Suami di Cilegon Banten Diduga Bunuh Istri dan Bayi Berumur 40 Hari

Okezone, Mahesa Apriandi ยท Senin, 04 Maret 2019 - 12:52 WIB
Suami di Cilegon Banten Diduga Bunuh Istri dan Bayi Berumur 40 Hari

Ilustrasi pembunuhan. (Foto: dok iNews)

CILEGON, iNews.com – Kasus pembunuhan sadis menggemparkan warga lingkungan Ciore Waseh, Kelurahan Kotasari, Kecamatan Grogol, Kota Cilegon, Banten, Senin (4/3/2019). Seorang suami berinisial AR (40) diduga tega membunuh istri dan bayinya yang belum genap berumur 40 hari.

Kapolsek Pulomerak Kompol Supandriatna mengatakan, kasus dugaan pembunuhan itu masih diselidiki polisi. Informasi awal, kejadian ini dilatar belakangi cekcok antara pasangan suami istri (pasutri)  tersebut.

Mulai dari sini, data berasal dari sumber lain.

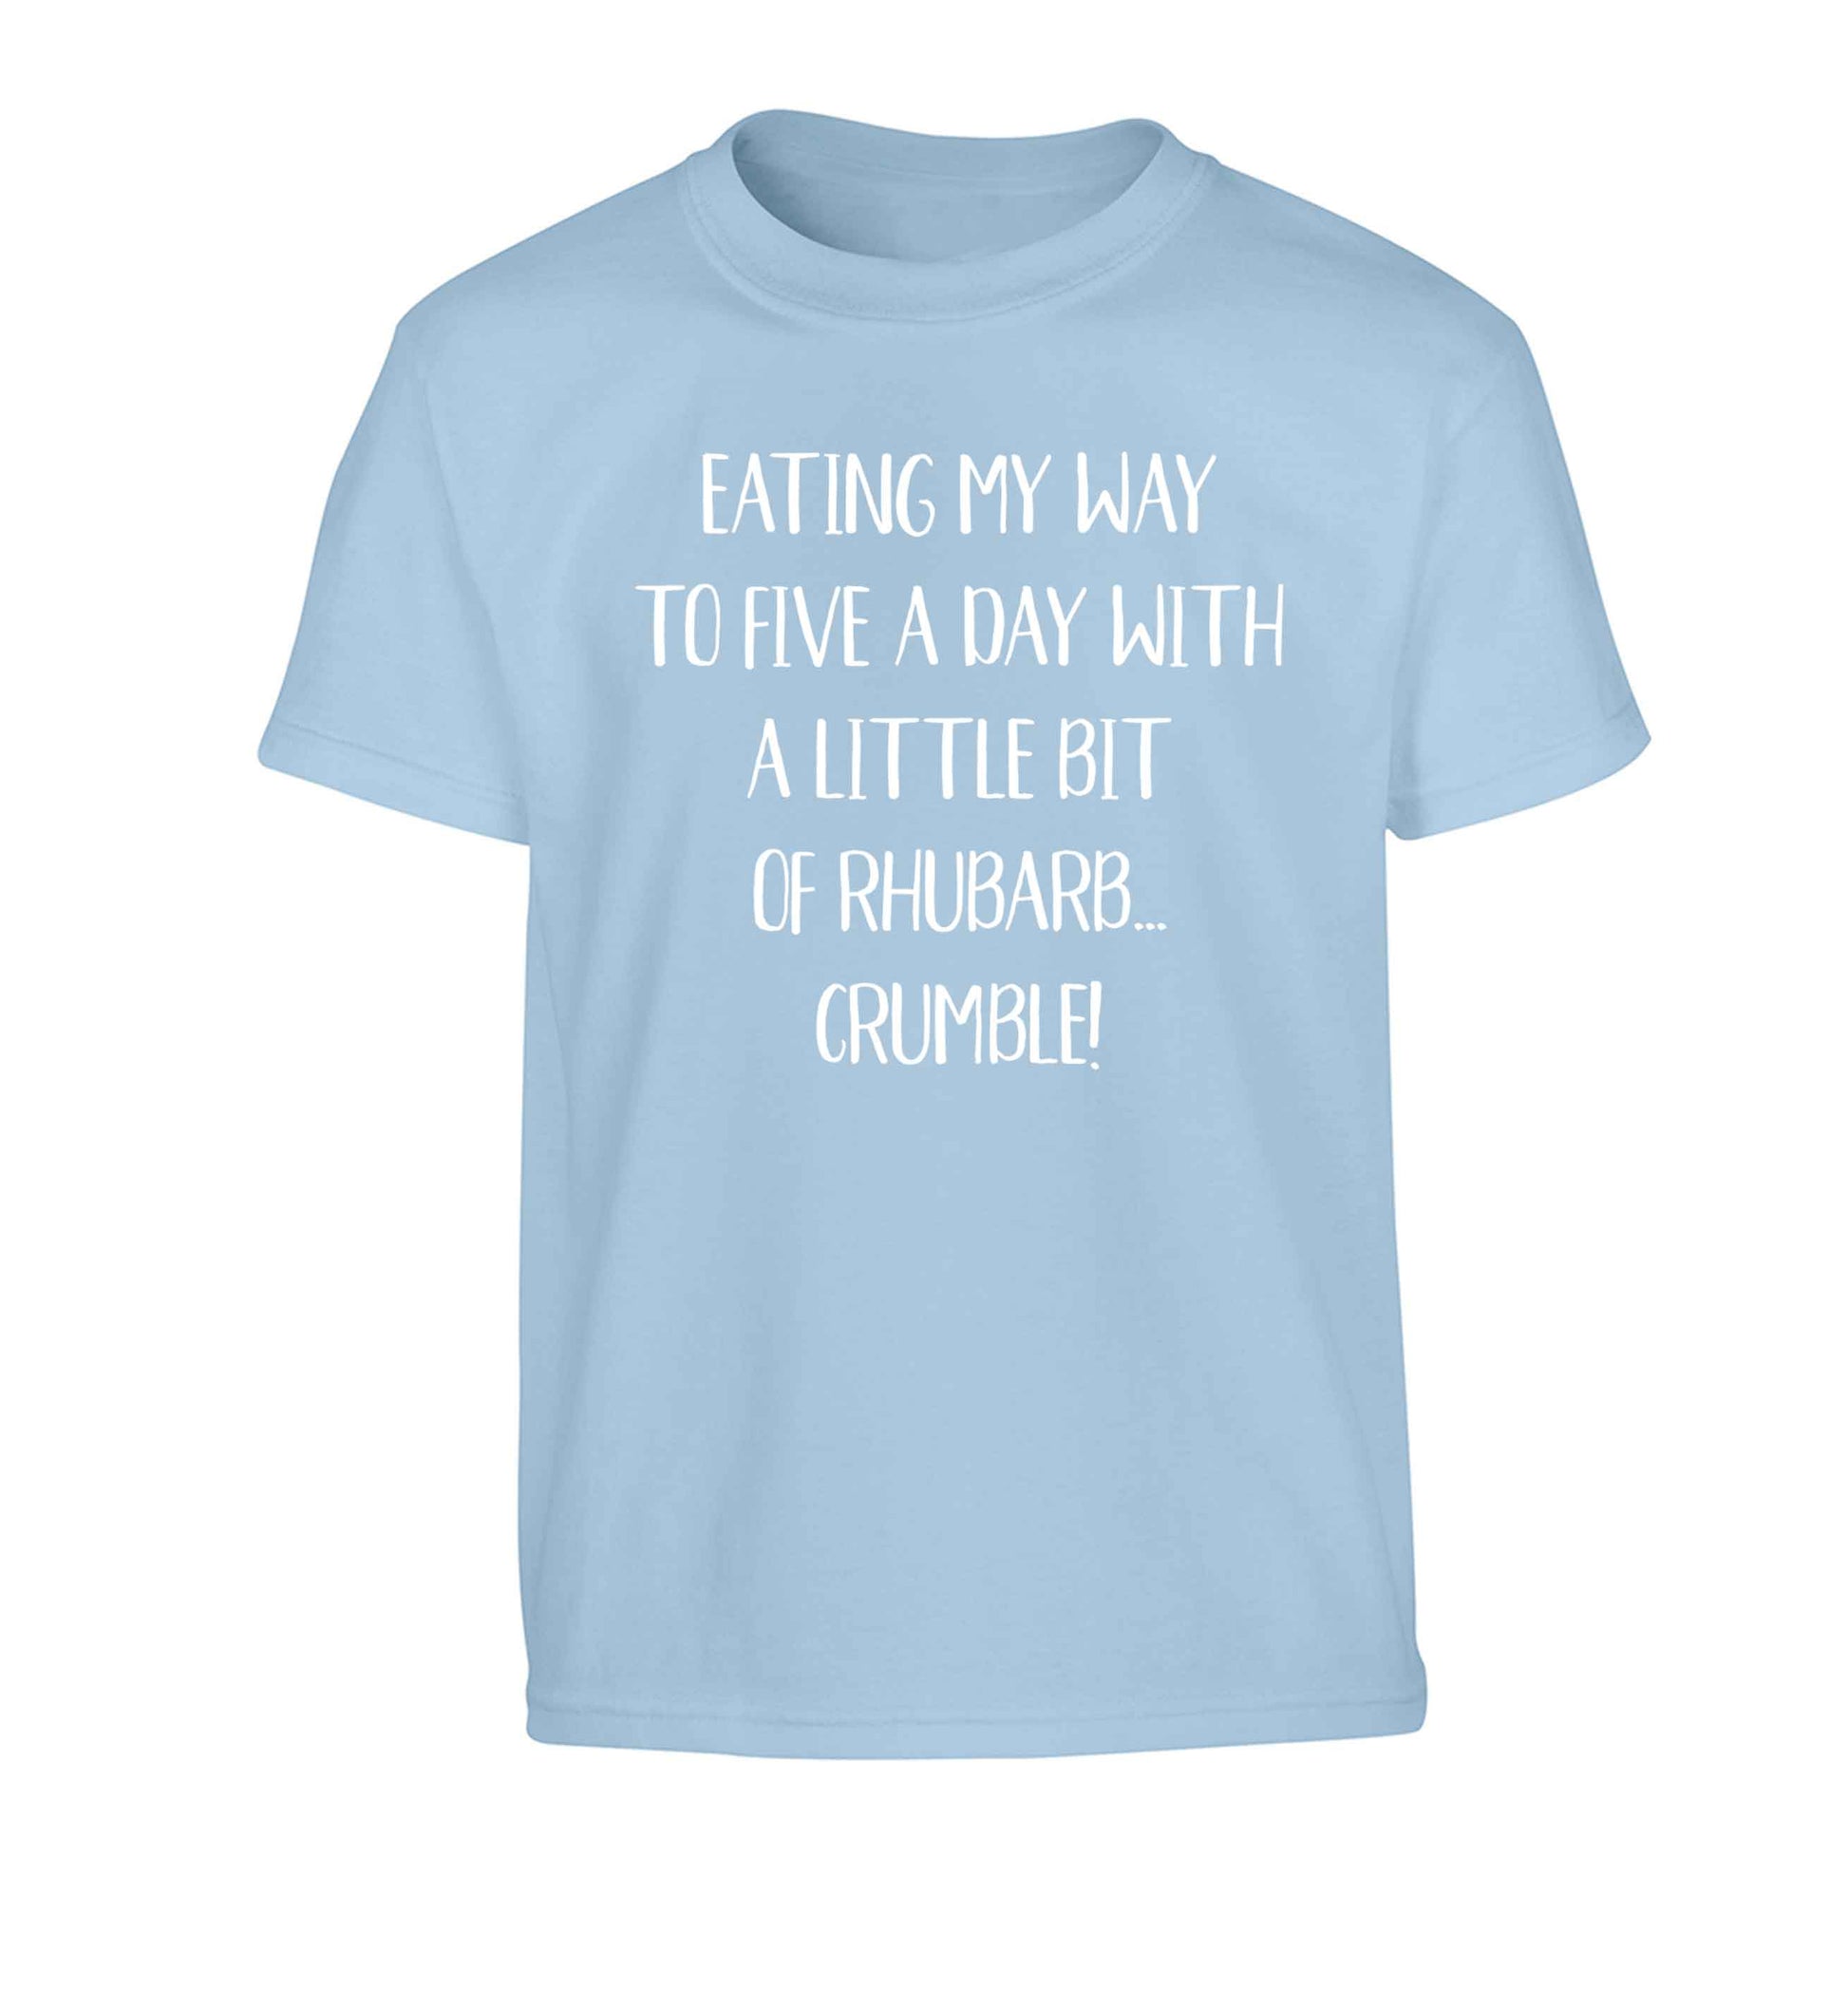 Eating my way to five a day with a little bit of rhubarb crumble Children's light blue Tshirt 12-13 Years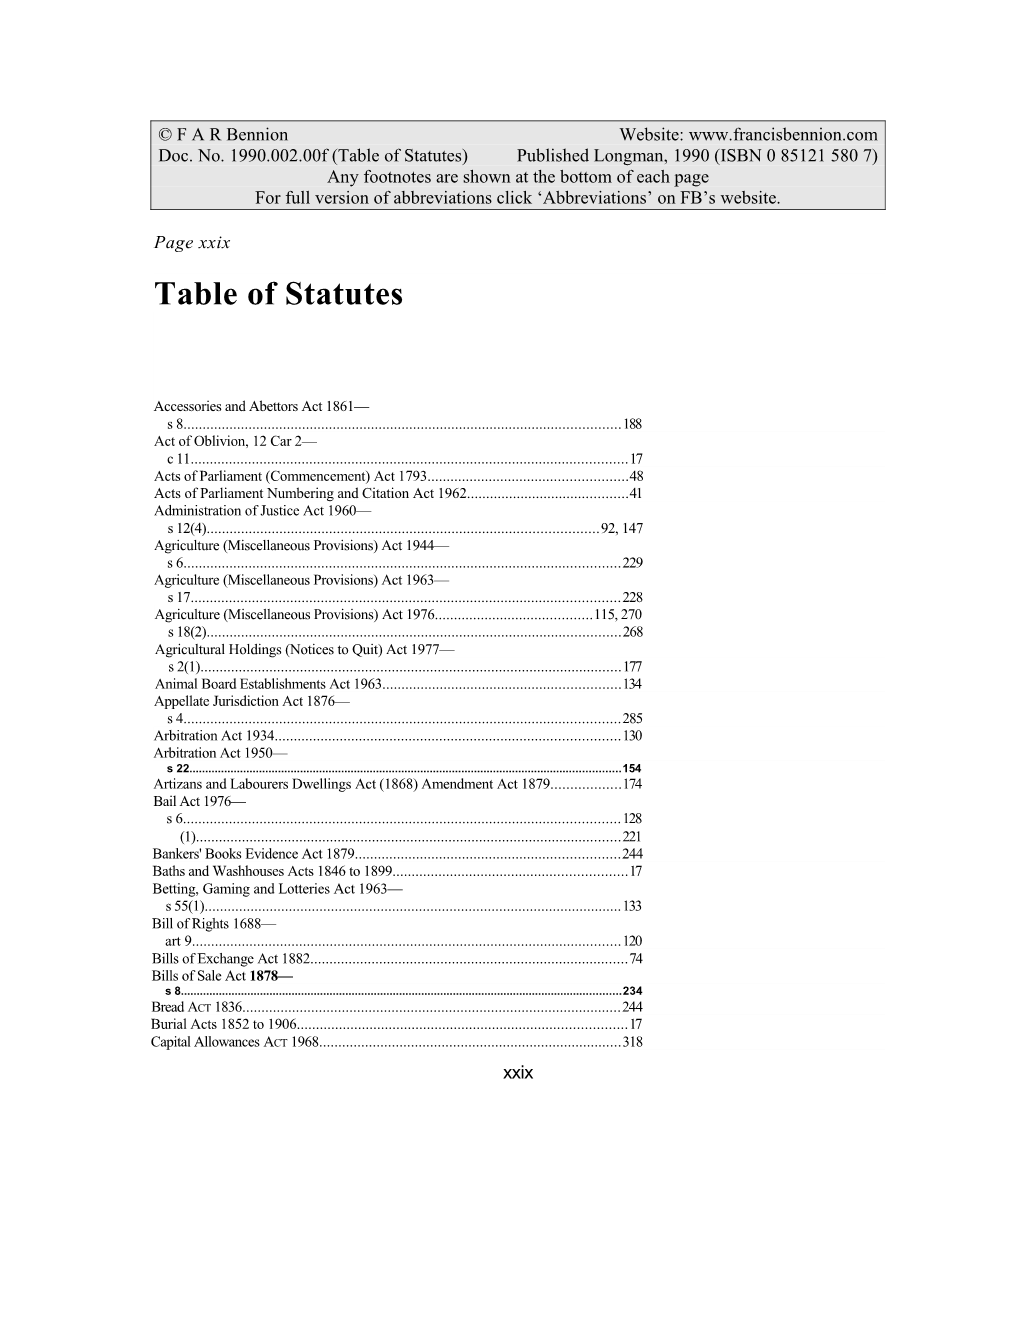 Table of Statutes

“Intinya korban itu ngga mau waktu diajak berhubungan intim, soalnya dia juga kan baru melahirkan,” ujarnya saat dikonfirmasi, Senin (4/3/2019).

BACA JUGA: Menolak Berhubungan, Istri Dianiaya Suami Pakai Golok di Surabaya

Kendati demikian, Kapolsek belum merinci penyebab kematian kedua korban. Namun terduga pelaku AR, saat ini sudah diamankan di Polres Cilegon. Sementara jenazah istri berinial AP (25) dan bayinya dibawa ke Rumah Sakit Umum Daerah (RSUD) dr Dradjat Prawiranegara, Serang.

“Tidak ada benda tajam yang kami temukan di lokasi kejadian,” katanya.

Tak adanya bekas aniaya senjata tajam dibenarkan paman korban Bernama Muchlis (56). Dia menuturkan, kondisi jasad AP dan bayinya tampak tak menunjukkan bekas aniaya sajam maupun benda tumpul.

“Awalnya AR minta tolong tetangga untuk melihat kondisi istrinya sudah seperti meninggal di kamarnya. AR bilang kalau istrinya kesetrum. Tapi kok kesetrum kondisinya begini, kan janggal. Makanya langsung manggil polisi,” ucapnya.

Pasutri itu merupakan pegawai di Rumah Sakit Krakatau Medika (RSKM). Hingga saat ini, pihak keluarga masih belum percaya atas kematian AP dan bayinya.

“Selama ini ngga pernah terlihat cekcok, akur-akur saja. Suaminya itu juga pendiam, ngga banyak omong. Malah mereka baru cukuran anaknya seminggu lalu, tapi memang bayinya itu sering sakit-sakitan,” tuturnya.